Social distancing due to COVID-19 has caused a radical shift in our work as psychologists. In talking with other therapists, I’ve found that many of us are feeling the strain of doing therapy by teleconferencing. Talking with our clients via a one-dimensional digital representation lacks the subtle interpersonal interaction and relationship that characterize psychotherapy. By now, we’ve created a facsimile of our psychotherapy office that accommodates teletherapy where we try to listen with free hovering attention sitting in front of a screen with a camera, microphone, and perhaps earphones.
Video can be taxing due to the way digital images are encoded, which cause artifacts such as blurring, freezing, and audio that doesn’t always sync. We miss the powerful nonverbal communications that shed so much light on the intangibles of what might be contributing to a person’s issues. A blush, an eye-roll, a tear welling up, the fidgeting of someone with a secret, the nervous giggle, or shy smile—these nuanced communications can give us insight and aid our understanding of unconscious dynamics.
Whether in person or over the phone, we can still be attuned to our clients in the moment. In my psychotherapy practice, I have been influenced by Theodor Reik and his book Listening with the Third Ear (1943):
We are… encouraged to rely on a series of most delicate communications… collecting all our impressions; to extend our feelers, to seize the secret messages that go from one unconscious to another. . . . The student often analyzes the material without considering that it is so much richer, subtler, finer than what can be caught in the net of conscious observation.
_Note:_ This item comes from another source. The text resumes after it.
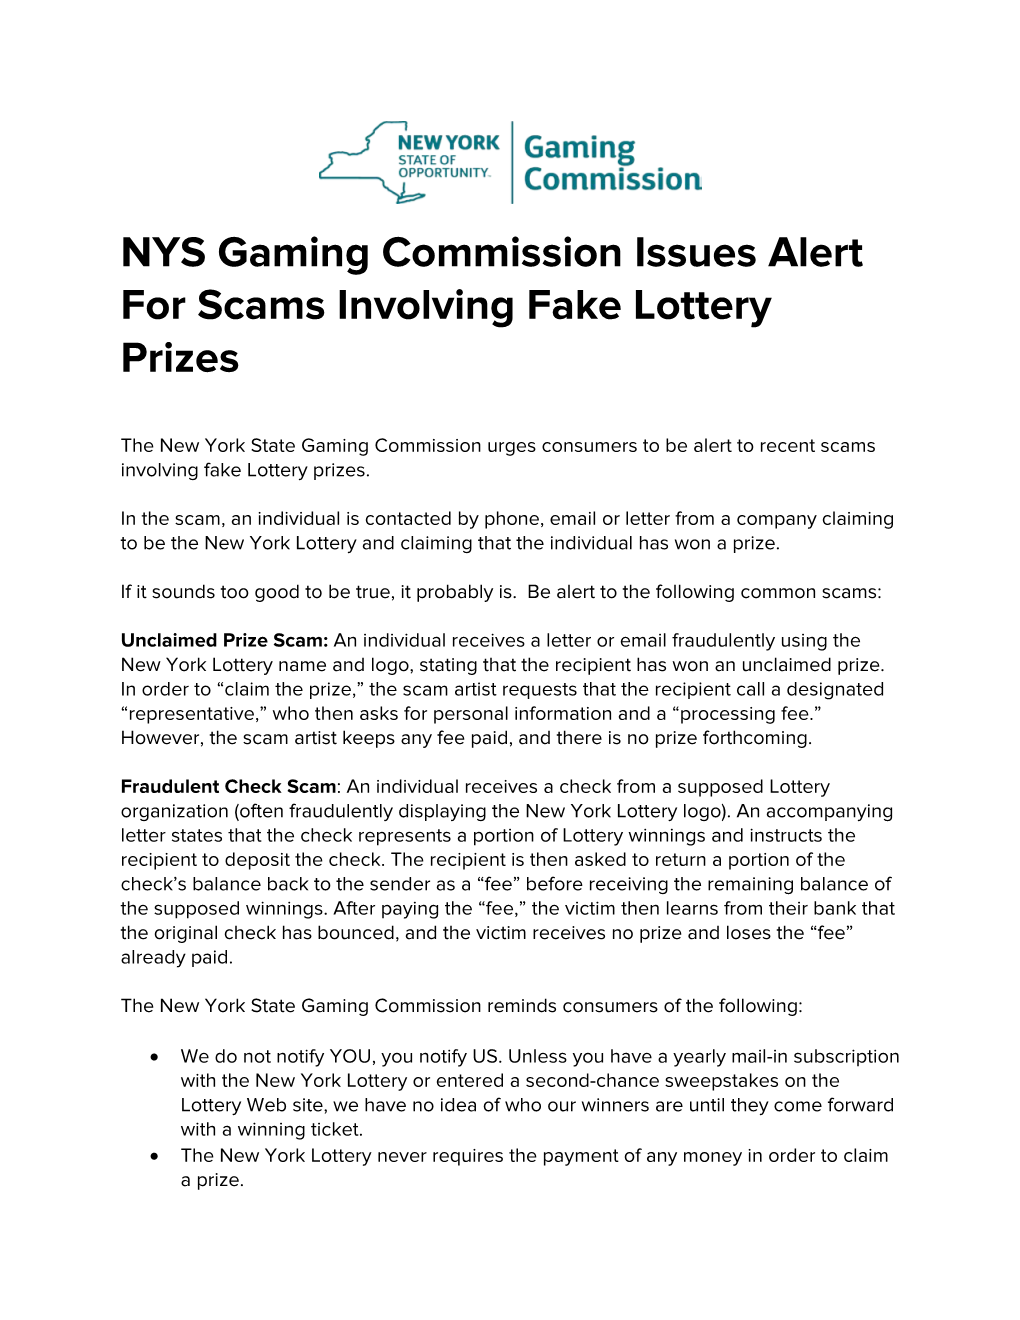 NYS Gaming Commission Issues Alert for Scams Involving Fake Lottery Prizes

The small fish that escapes through the mesh is often the most precious.
Important in adjusting to providing teletherapy that most approximates in-person sessions is solving technical problems while paying attention to ethics (see updated information on ethical practice from the American Psychological Association) and HIPAA compliance. Some of these issues include:
- Deciding on a HIPAA- compliant secure videoconference platform such as VSee, Zoom, Doxy, or Simple Practice (which I use.)
- Ensuring good WIFI (I had to buy an extender because my home office’s connection was sluggish and intermittent) and closing all other browser windows
- Learning how to code for insurance reimbursement
- Giving clients clear instructions on how to access our video link and what to do if we get disconnected
- Creating a telehealth consent form and discussing potential risks and limitations of treatment
- Discussing safety plans
- Confirming with clients how to ensure privacy and security before, during, and after our video call.
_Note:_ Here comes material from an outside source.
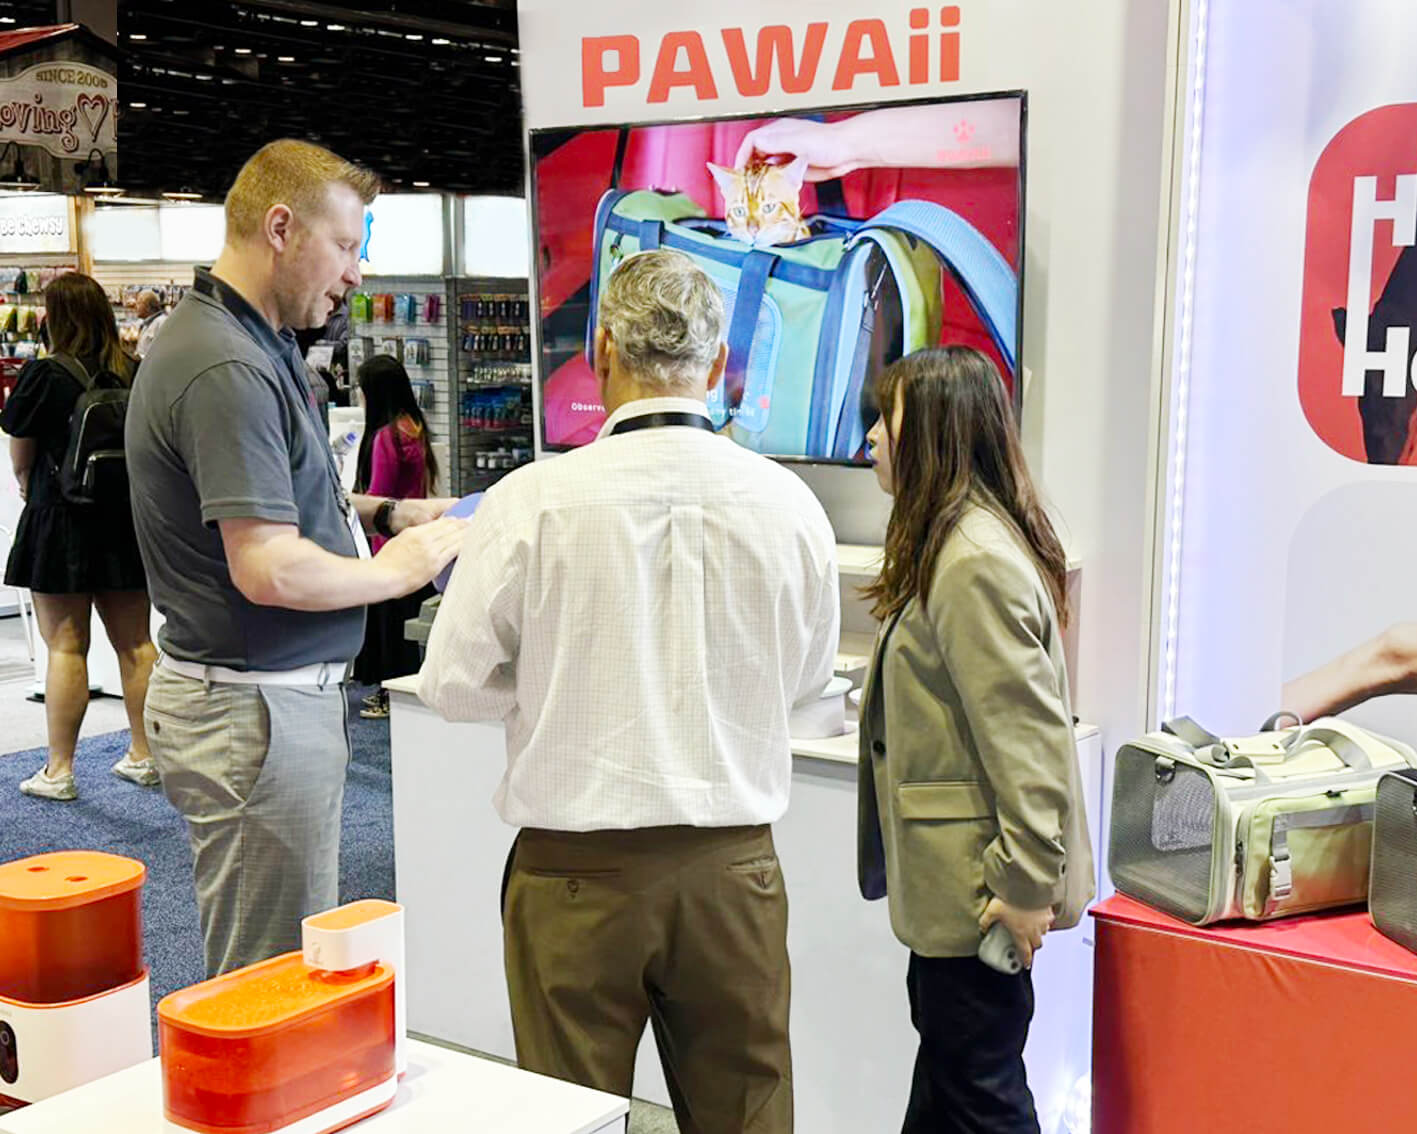 exhibition visitors showing great interest in PAWAii

- Clarifying how to send payment
- Asking for ID from new clients to confirm they live in California (unless we’re licensed to provide service in another state)
Other telehealth considerations have to do with making the session work visually. We’ve learned to position screens so the camera catches us from above and doesn’t show a double chin. To see each other clearly, we’ve learned to position the lighting behind our screen, and when necessary, have instructed clients to do the same. To lessen distraction and be better present in the session, we avoid glancing down at our own image. Though it’s impossible to make real eye contact in a video call, we can better focus on a patient’s facial expressions by minimizing their image and moving it up the top of the screen nearer to the camera. This helps with connection, even if we can’t pass a tissue when we see our client cry. I have also discovered that sitting a little way back more clearly echoes sitting somewhat apart, as we would in person. There is more of a space between us.
But there’s no new thing under the sun, and telemental health has been used for decades. Before smartphones, video chat, FaceTime, or Zoom, therapy via landline improved access to care, offering a cost-effective alternative to in-person therapy in many situations and populations. In Mules of Love (2002), Ellen Bass — poet and co-author of The Courage to Heal — wrote about the possibilities for therapeutic connection even across a seemingly impersonal, clunky telephone line:
Phone Therapy
I was relief, once, for a doctor on vacation
and got a call from a man on a window sill.
This was New York, a dozen stories up.
He was going to kill himself, he said.
I said everything I could think of.
And when nothing worked, when the guy
was still determined to slide out that window
and smash his delicate skull
on the indifferent sidewalk, “Do you think,”
I asked, “you could just postpone it
until Monday, when Dr. Lewis gets back?”
The cord that connected us—strung
under the dirty streets, the pizza parlors, taxis,
women in sneakers carrying their high heels,
drunks lying in piss—that thick coiled wire
waited for the waves of sound.
In the silence I could feel the air slip
in and out of his lungs and the moment
when the motion reversed, like a goldfish
making the turn at the glass end of its tank.
I matched my breath to his, slid
into the water and swam with him.
“Okay,” he agreed.
During this global crisis, doing psychotherapy so differently from our usual way of working requires facile adaptability, even once the practicalities are solved. But we can rely on our ethical principles to give us, and our clients, a safe and secure way to experience the moment. By endeavoring to listen and respond with the Third Ear, we strengthen our ability to make a healing therapeutic connection. In fact, being forced into this situation may reveal the usefulness of teletherapy that will last well beyond COVID-19.